Data shown:
_ _ _ _
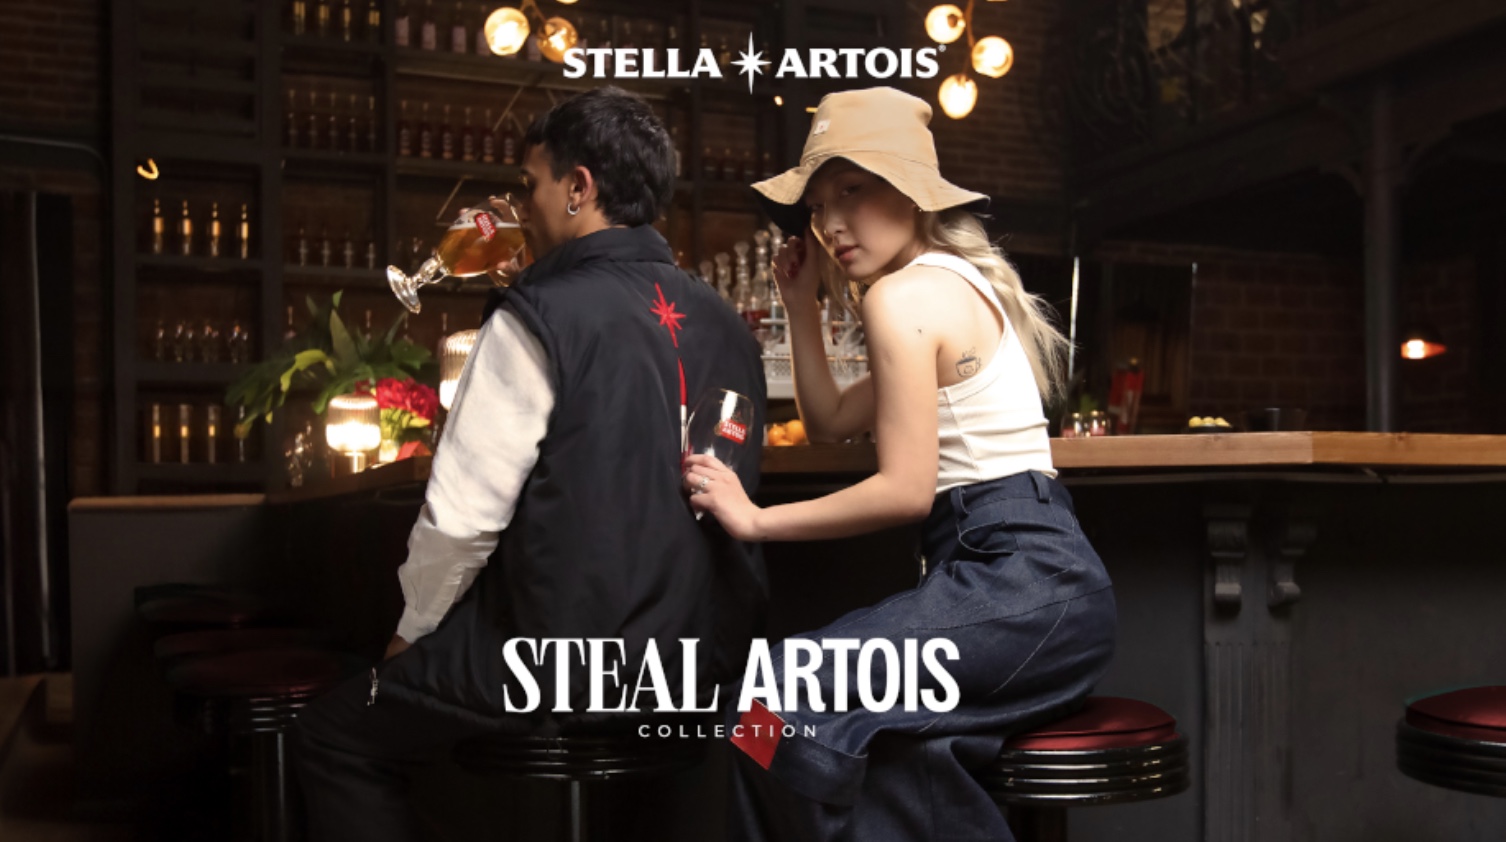 Stella Artois создал коллекцию одежды для похищения бокала для пива
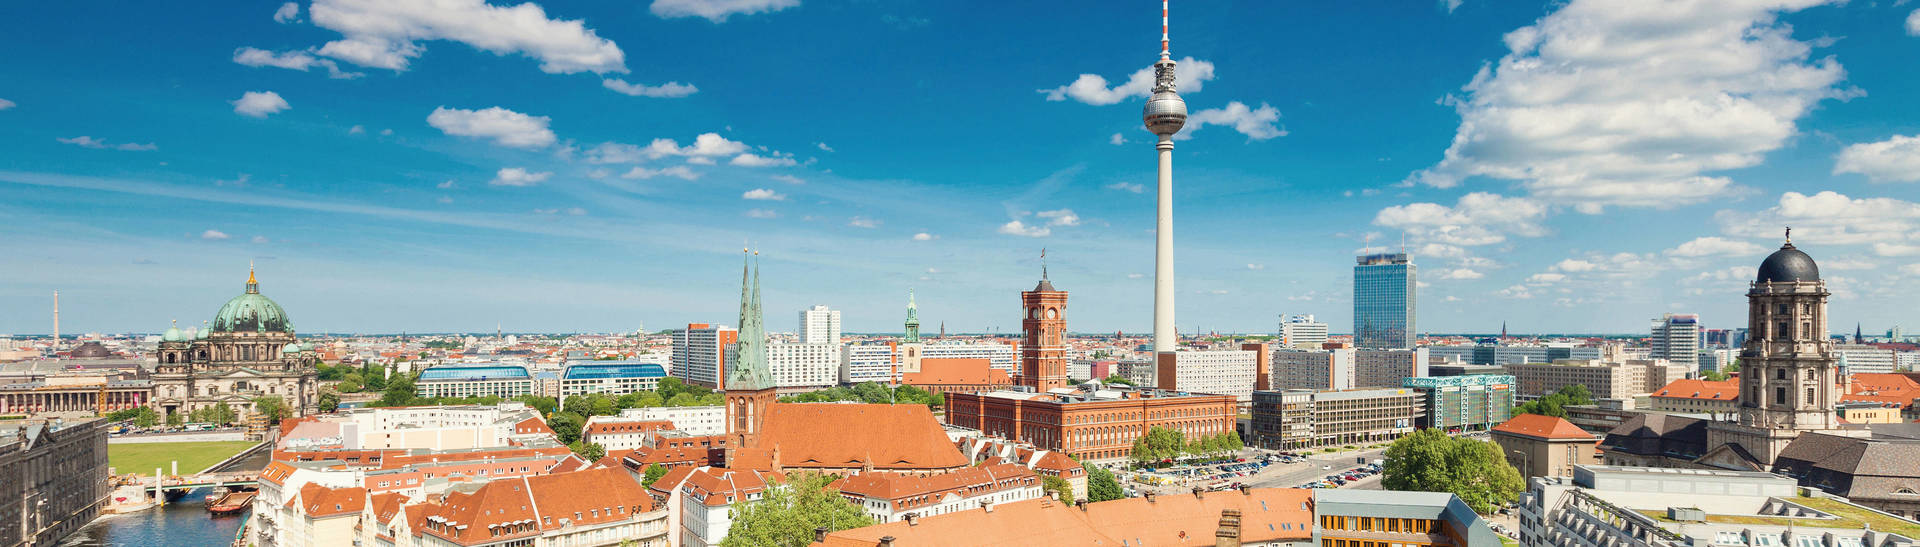 Facade - H4 Hotel Berlin Alexanderplatz  - Official website
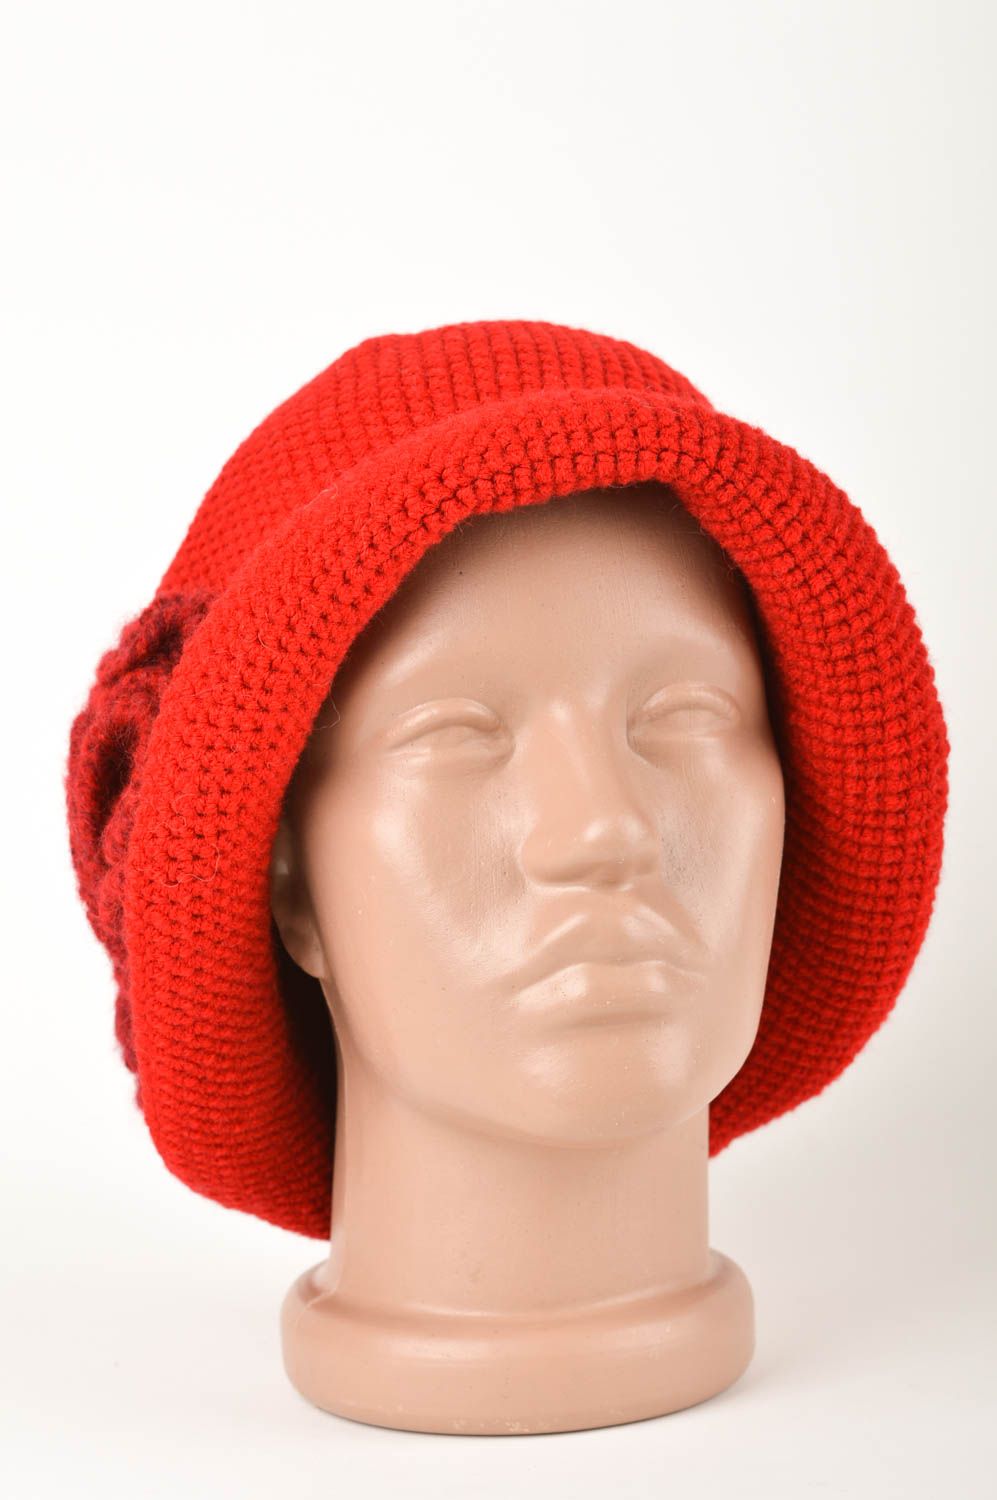 Cappello a uncinetto fatto a mano in lana splendido accessorio invernale  foto 1
_ _ _ _
Task brief: The whole listing should be transcribed exactly, though its pictures must be left out.

Task result:
 Stella Artois создал коллекцию одежды для похищения бокала для пива
 Facade - H4 Hotel Berlin Alexanderplatz  - Official website
 Cappello a uncinetto fatto a mano in lana splendido accessorio invernale  foto 1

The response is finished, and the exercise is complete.